A. No. Although, to the author’s credit, she is merely reporting the ‘facts’ as they appear in other historical works. Wyatt was an agent of Henry VII who later became a councillor to Henry VIII, but this story actually relates to his recorded imprisonment and torture in Scotland which was of course a separate country with its own reigning monarch, James III (1451–1488). He was incarcerated in dismal conditions in Scotland from c.1483 to 1485. When Henry VII became king he helped ransom him. There is no known supporting evidence that Henry Wyatt was ever taken into custody by Richard III or that he was imprisoned in the Tower of London in Richard’s reign. His alleged incarceration and torture at the hands of Richard is derived from a family tradition which exaggerated Wyatt’s already colourful career as a faithful Tudor supporter who suffered for his loyalty. The story was copied into the Wyatt family papers in 1731 from a lost original.

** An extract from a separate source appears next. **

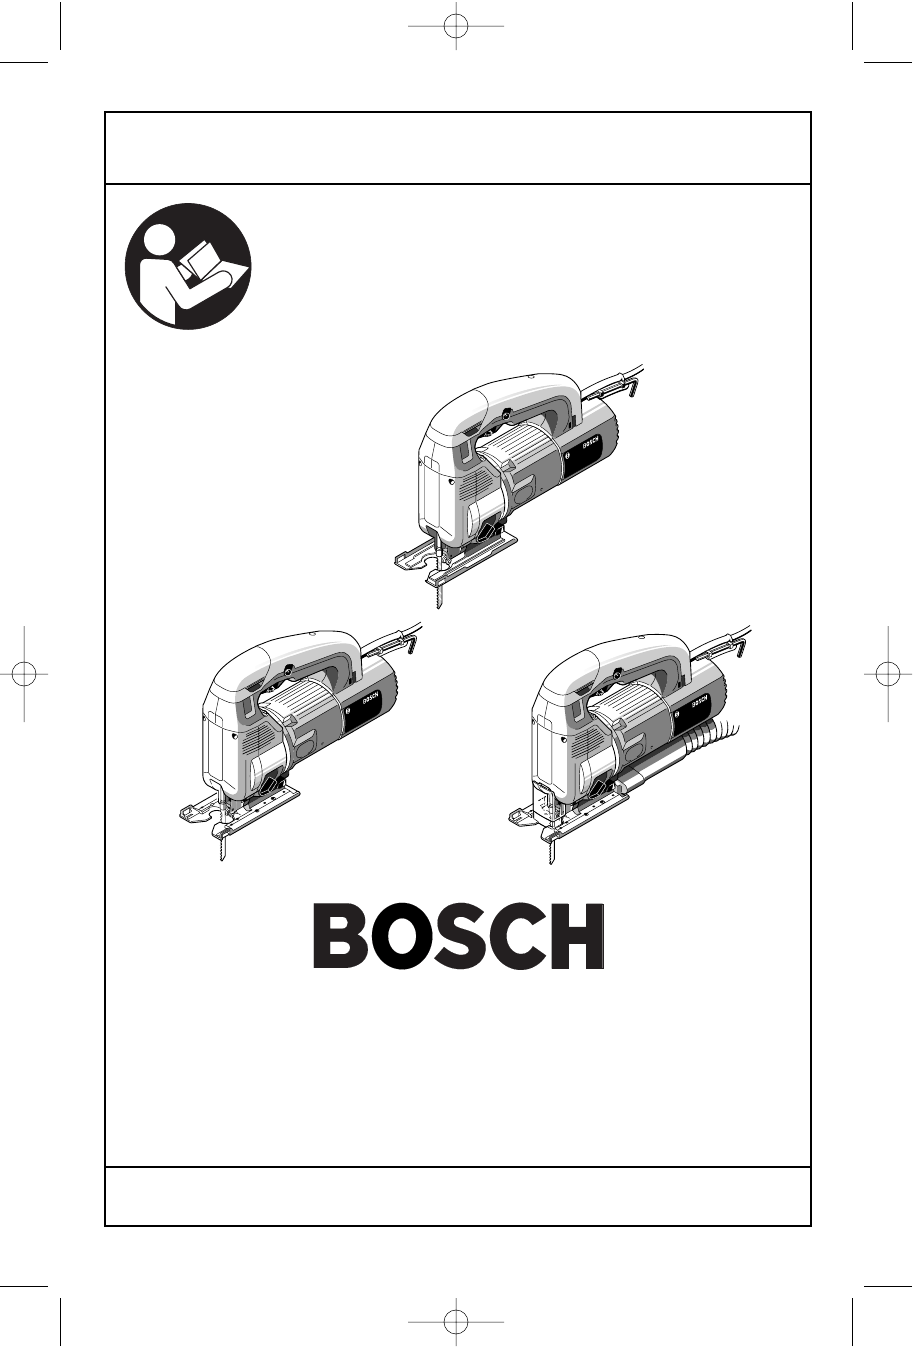 Bosch 1581vs owners manual

To discover more about Henry Wyatt and the myth concerning his torture by Richard III, you can read Annette Carson’s seminal paper, ‘The Questionable Legend of Henry Wyatt’ (2012) here. The paper was published in 2012 in the Ricardian Register of the American Branch of the Richard III Society. It was published in shortened form in the Society’s Ricardian Bulletin (September 2011).

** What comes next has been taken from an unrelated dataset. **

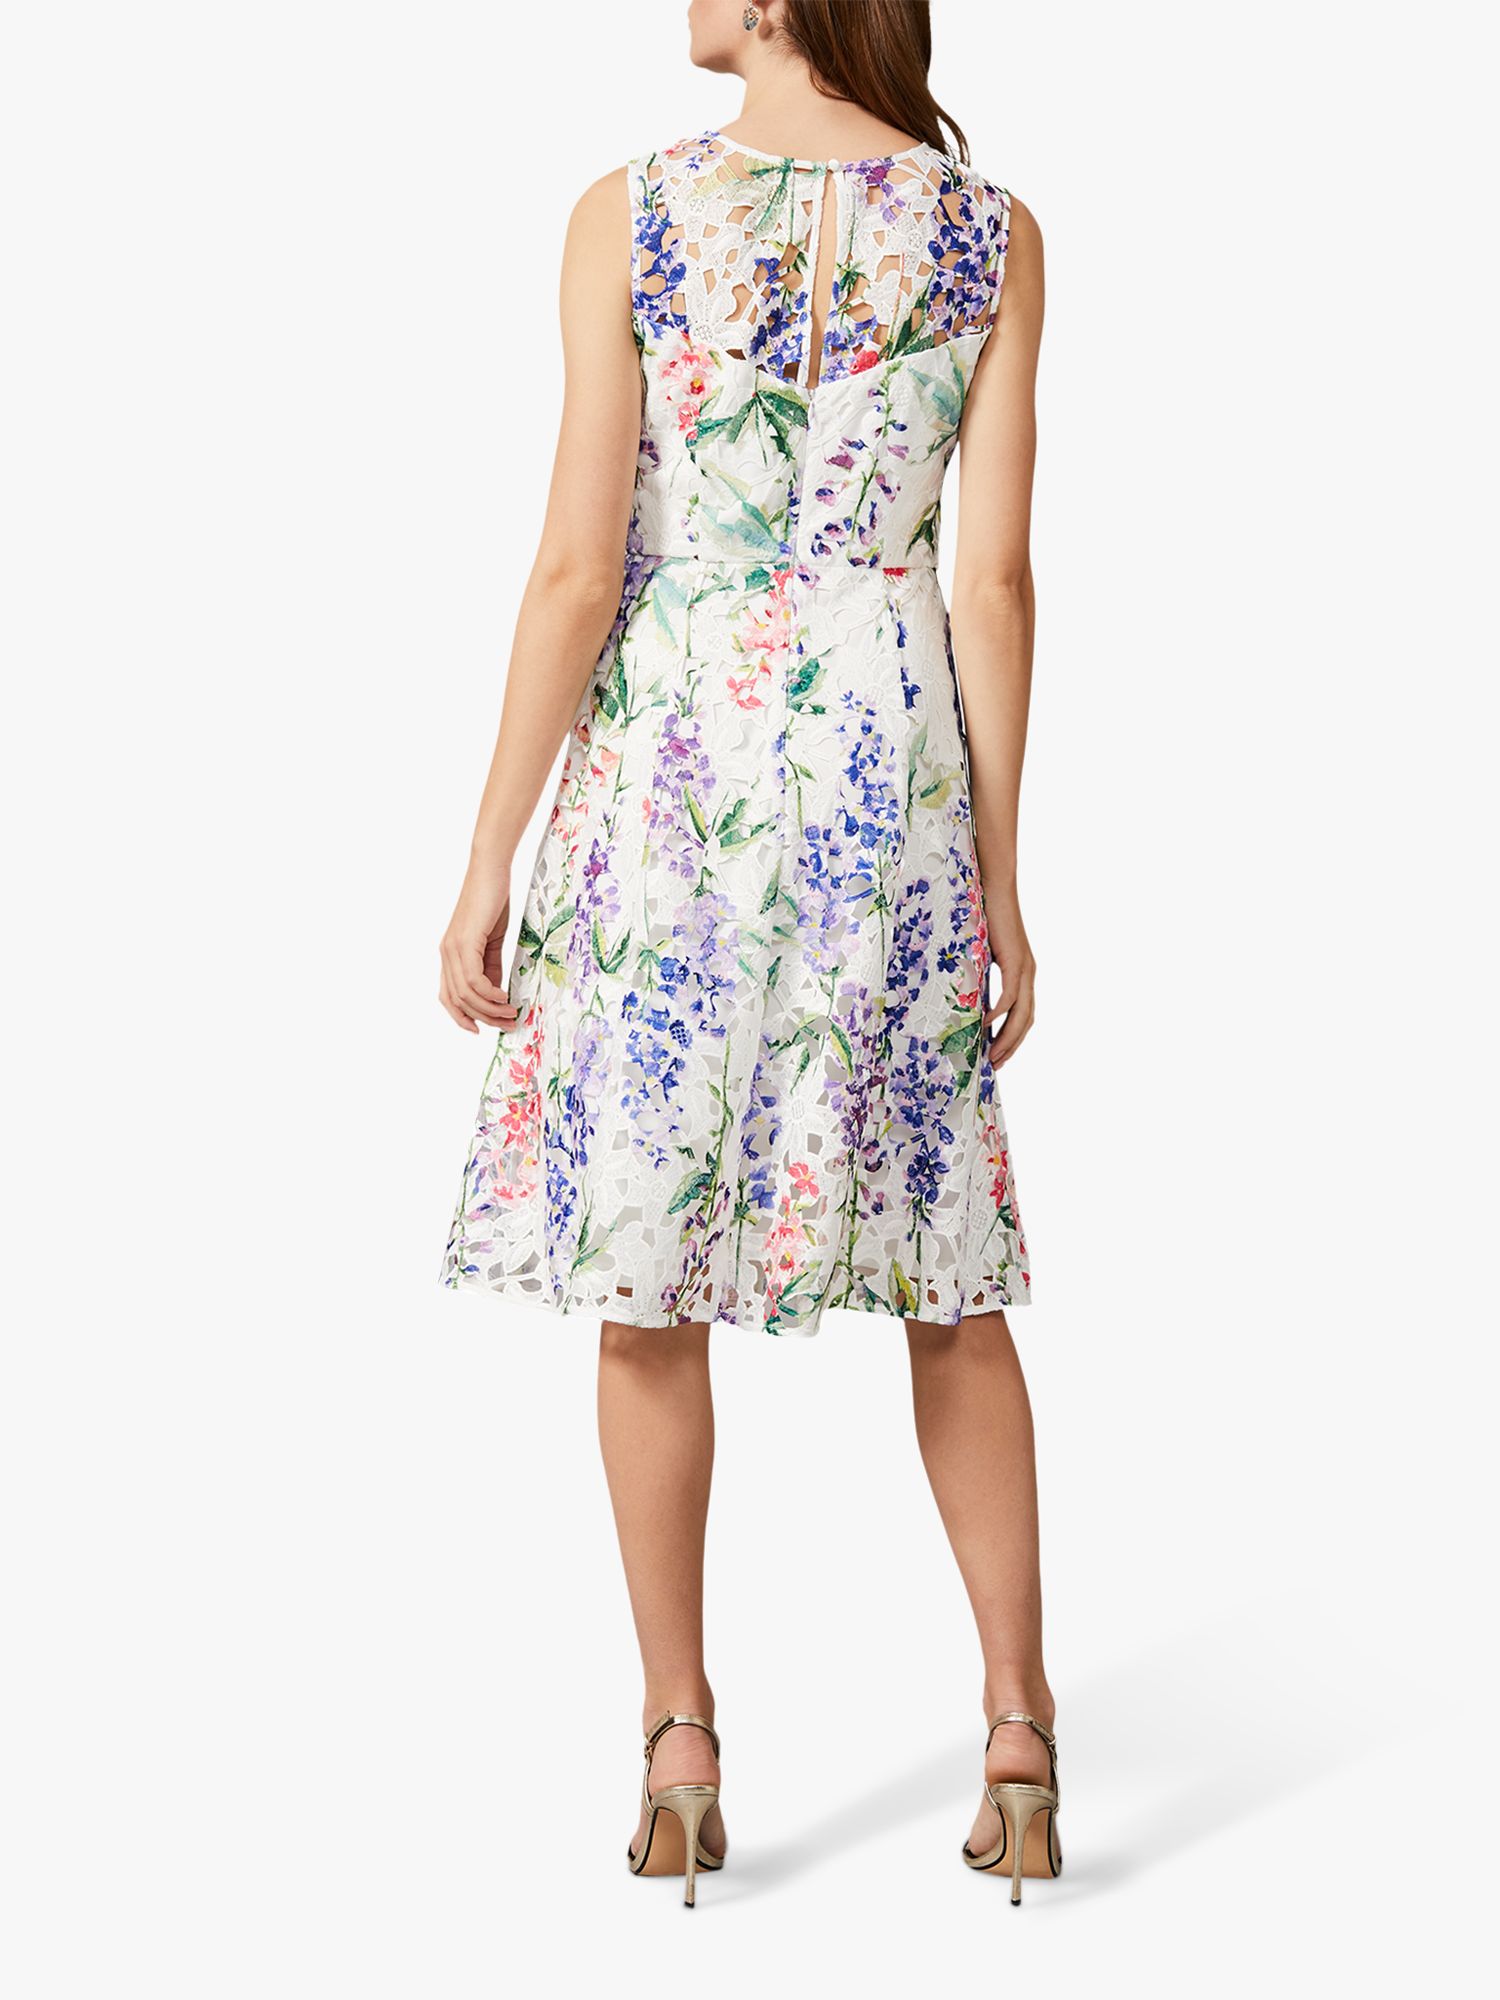 Phase Eight Lonnie Floral Dress, Ivory/Multi, 6

With our very grateful thanks to Annette Carson for her kind permission to publish this paper.
You can also view this paper on Annette’s website here.
Q. Is it true that Maximilian I, the Holy Roman Emperor (1459-1519), did not believe that Richard III had illegally set aside the sons of Edward IV so that he could rule himself, and his support of Richard was related to the illegal seizure of his own young children, Philip (6) and Margaret (4)?
A. Yes, this is true and is best answered by American researcher, Susan Troxell, in her article: ‘The Last Knight: the art, armor, and ambition of Maximilian I on display at the Metropolitan Museum of Art’, Ricardian Bulletin (December 2019), pp.51-56. Susan records on p.56, fn.2:
‘Maximilian’s 1484 embassy to Richard III requested military aid to defend Flanders, and proposed a formal alliance between England, Burgundy and Brittany against France. At the time of this diplomatic overture, Maximilian’s only son and heir Philip had been forcibly taken from his custody by the burghers of Bruges, and Maximilian was denied any access to the six-year-old boy as well as his four-year-old daughter Margaret. Maximilian’s missive to Richard III complained bitterly and repeatedly of the ‘intermeddling’ injustice done by removing Philip from his protection, and setting up a false governing council in Philip’s name in Bruges. The missive accused the burghers of using lying words, corruptions, and subtle unlawful laws to get into their hands and power both of Maximilian’s children, accusing them of an ambition to rule and govern, and spreading lies about Maximilian’s intentions to usurp his son’s titles. Gairdner, Letters and Papers, vol.2, pp.8-9, 11-12, 20, 29, 37-8. Given that Richard III was similarly rumoured by some of taking wrongful custody of Edward IV’s sons and having had a secret agenda of setting them aside and ruling himself, it would seem remarkably tone-deaf to emphasize this type of wrongdoing in a diplomatic embassy seeking a formal alliance with the English king less than one year after his accession. There were other grounds to show the burghers’ actions were illegal, namely, Mary of Burgundy’s last will and testament which provided that Maximilian should govern in Philip’s name during his minority. Maximilian’s strategy seems to imply that he did not find the aforesaid accusations against Richard III credible, and was directly appealing to Richard’s indignation at having his honor and motives questioned by false rumors.’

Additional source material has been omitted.